--- Records for this exercise ---
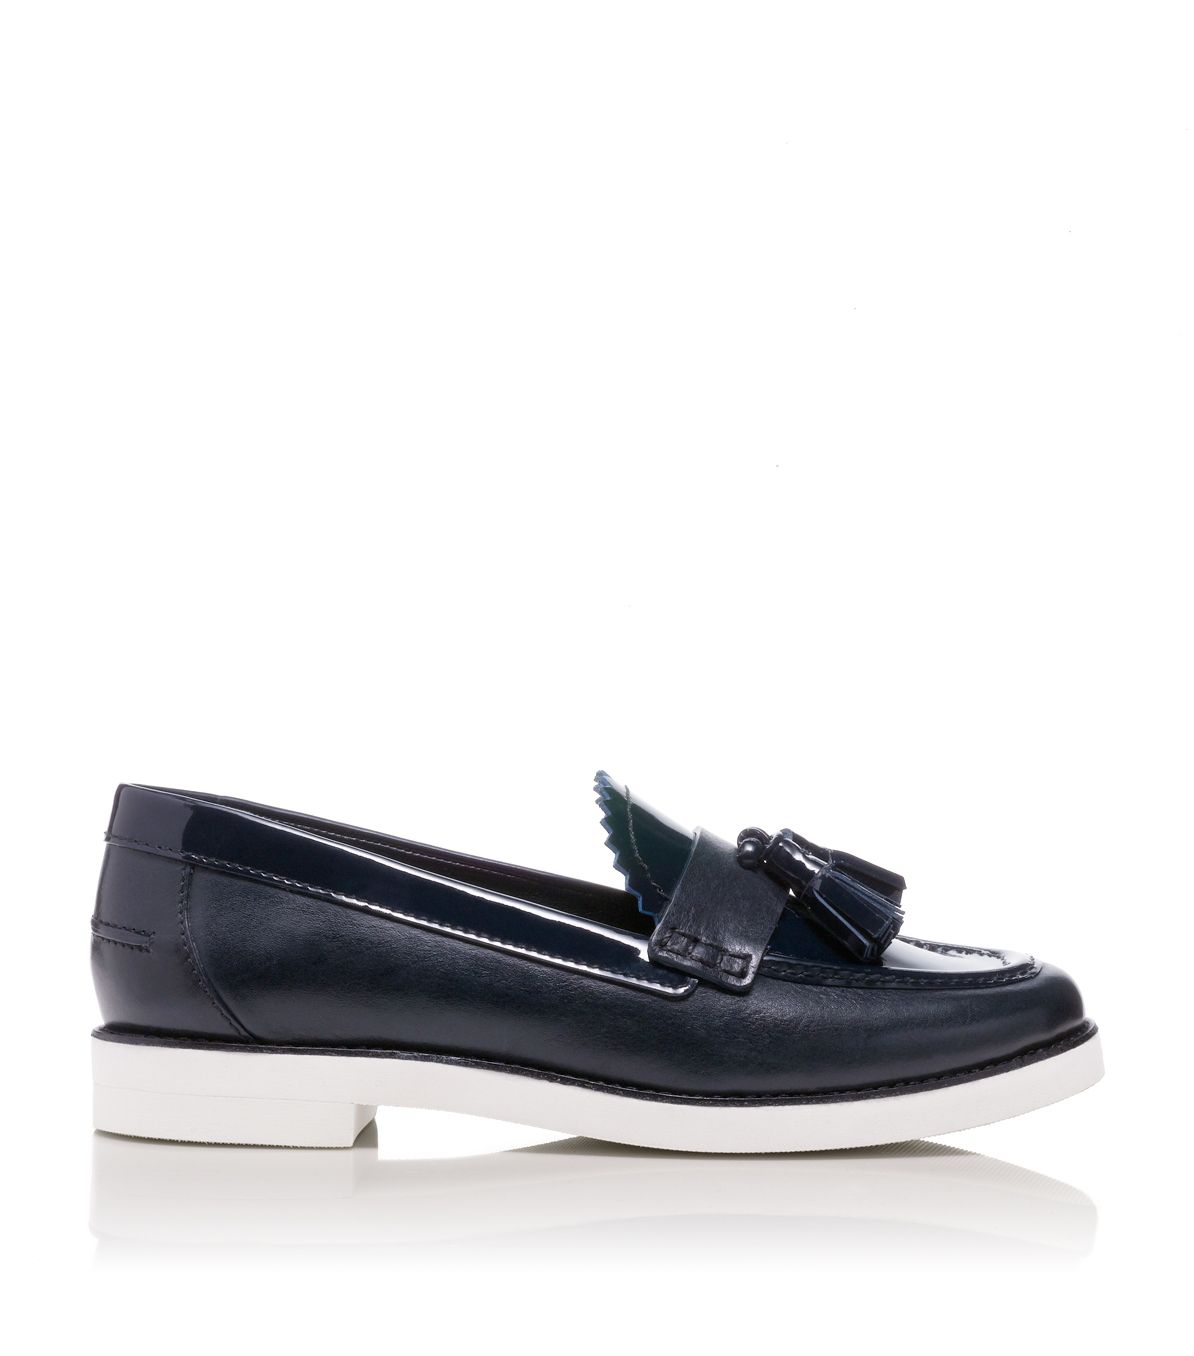 Lyst - Tory Burch Careen Loafer in Blue
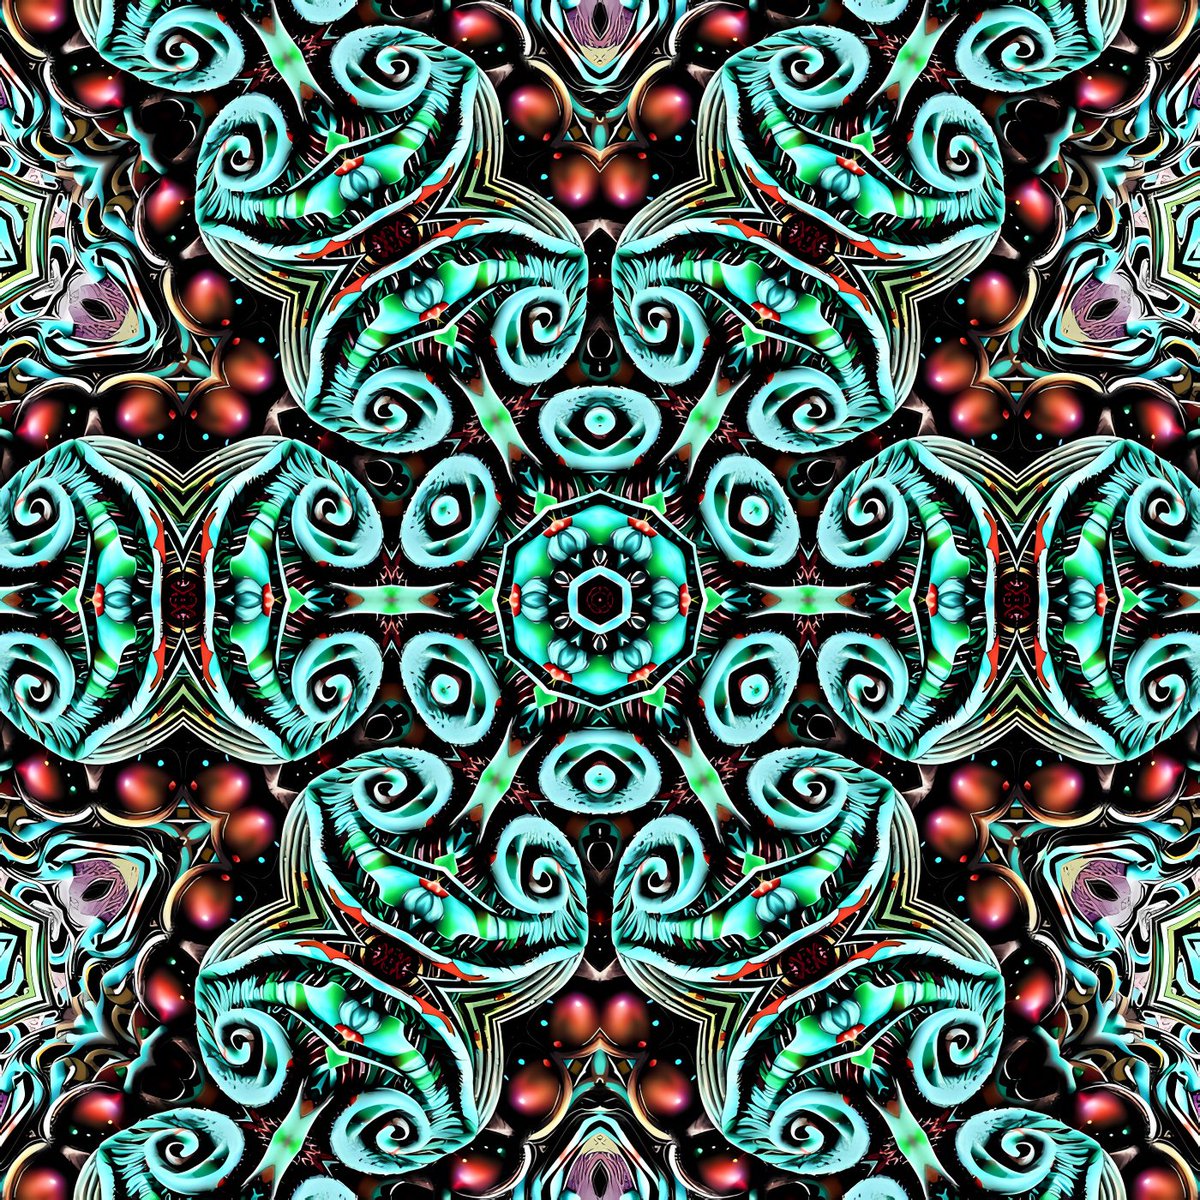 The Bath
2023 
#kaleidosaturday #psychedelics #colorfulart #abstractart #vincentrich #trippy #bohohippie
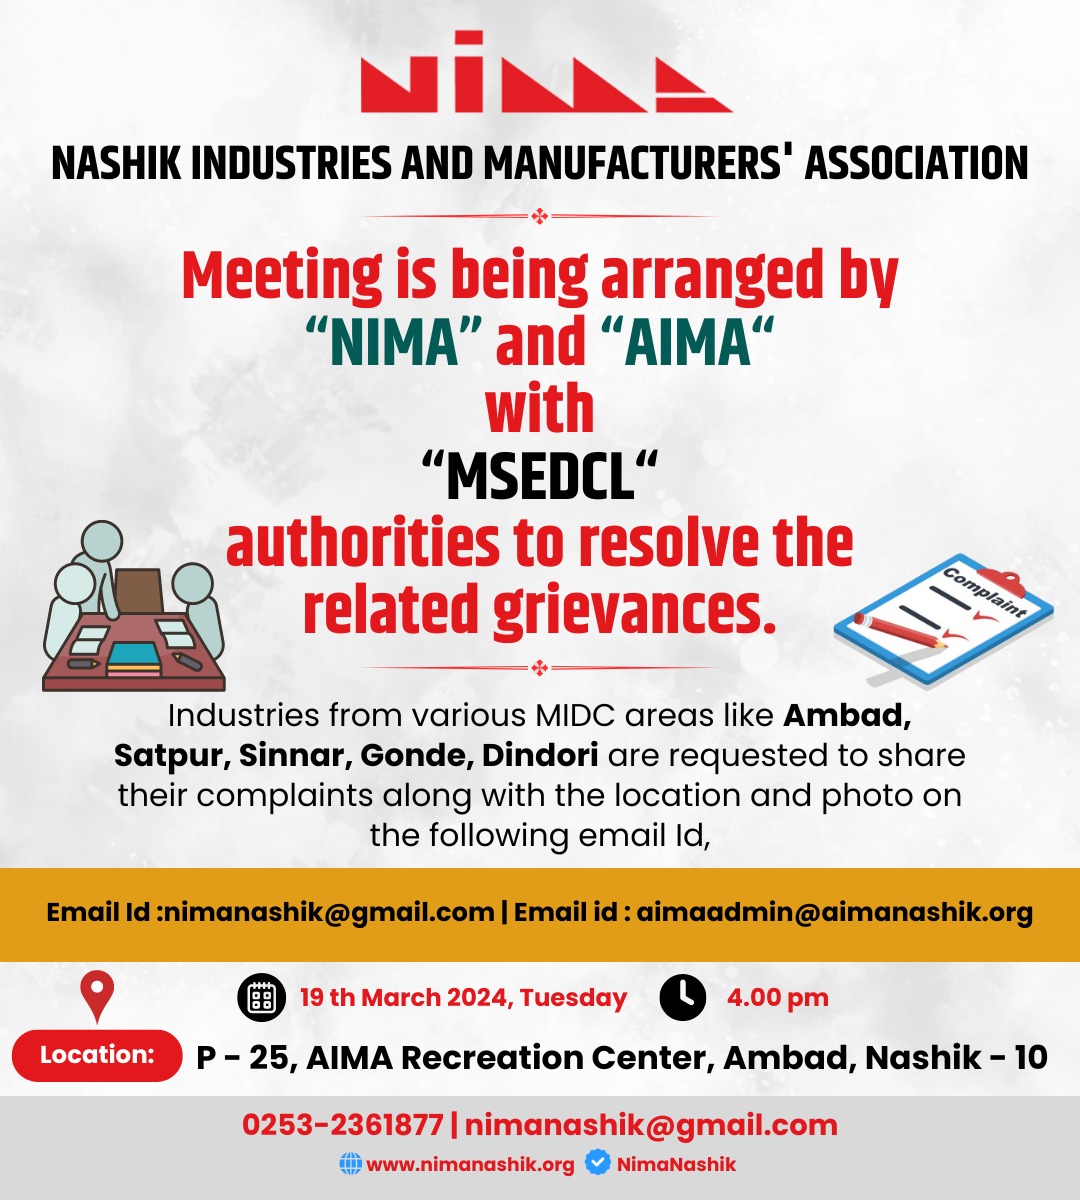 A meeting is being arranged by Nashik Industries & Manufacturers' Association “NIMA” and AIMA with MSEDCL authorities to resolve the related grievances. #nima #nimanashik #MSEDL
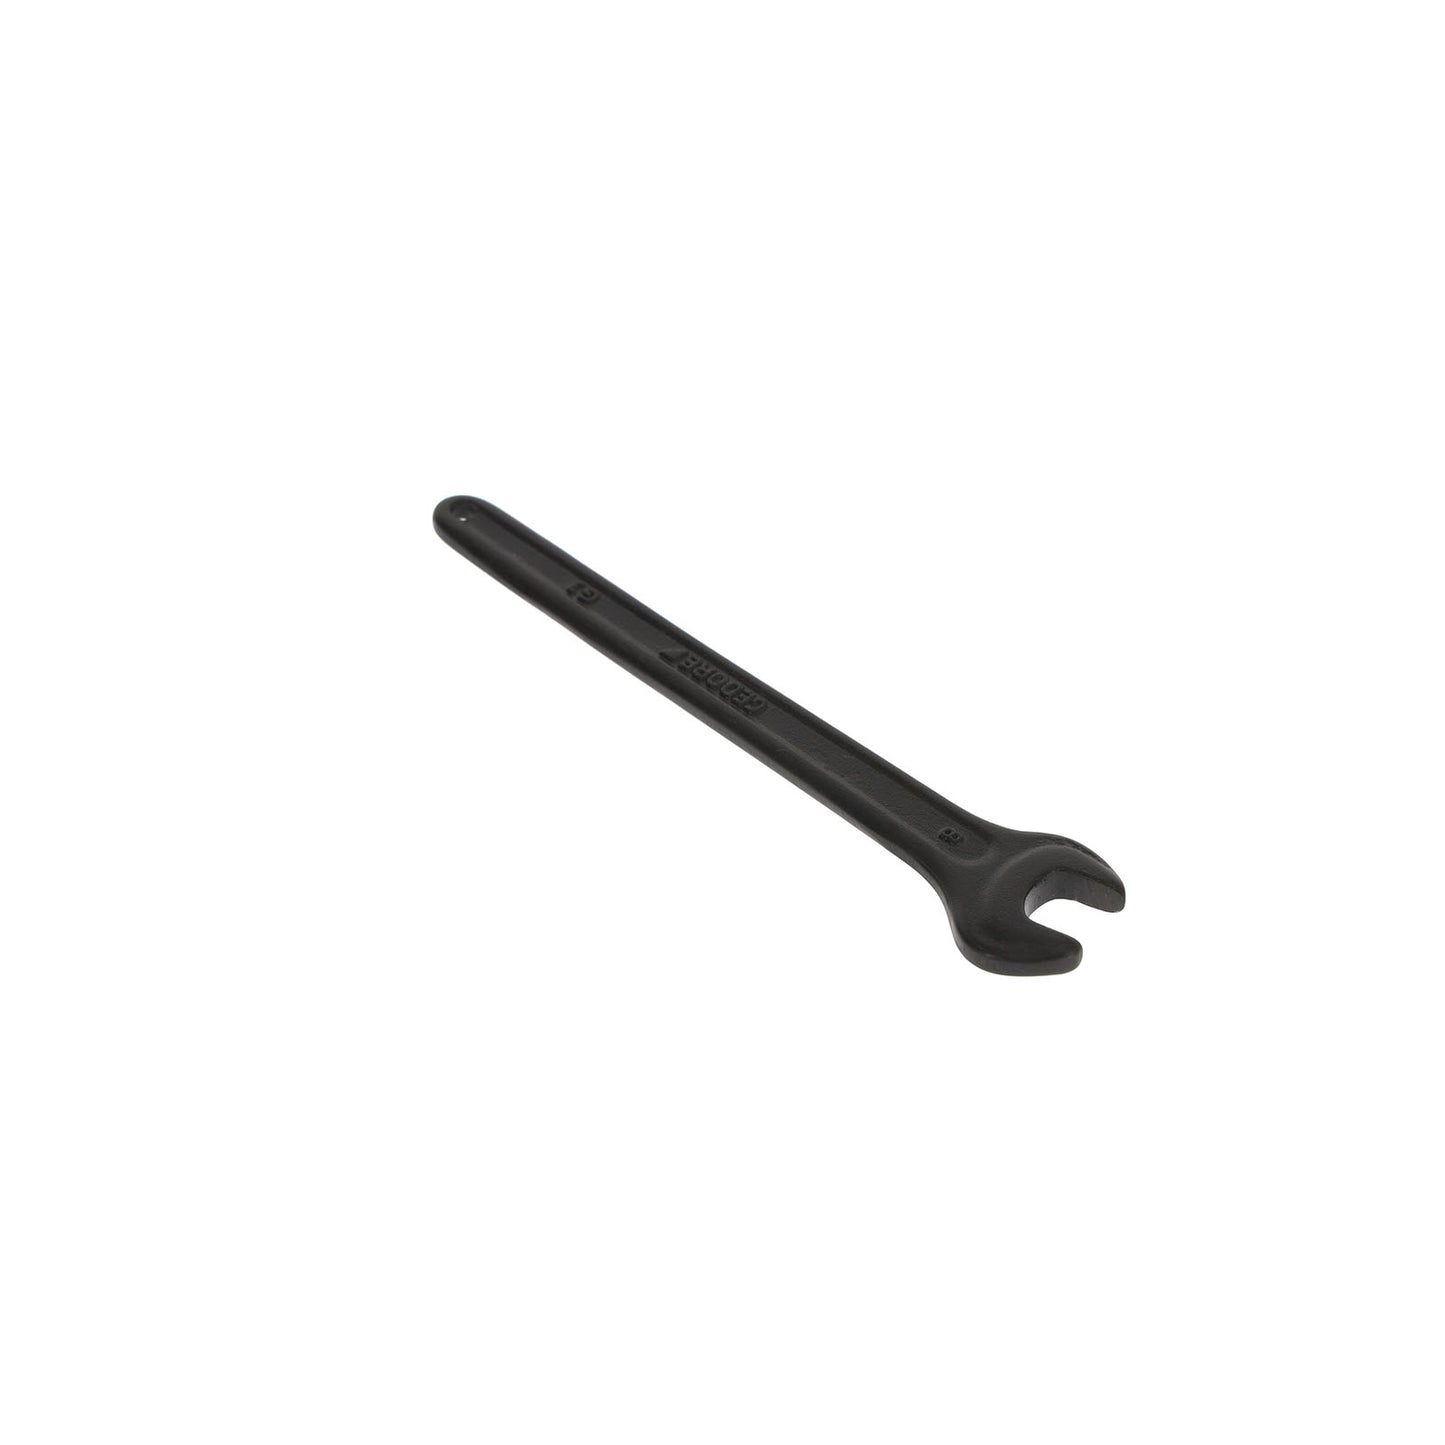 GEDORE 894 8 - 1 Open End Wrench, 8mm (6573870)
---
Description of the task -
Beginning with the line in which "#kaleidosaturday #psychedelics #colorfulart" appears, repeat exactly each line down to the close of the material, leaving every picture out.

Exercise answer -
#kaleidosaturday #psychedelics #colorfulart #abstractart #vincentrich #trippy #bohohippie
 A meeting is being arranged by Nashik Industries & Manufacturers' Association “NIMA” and AIMA with MSEDCL authorities to resolve the related grievances. #nima #nimanashik #MSEDL
 GEDORE 894 8 - 1 Open End Wrench, 8mm (6573870)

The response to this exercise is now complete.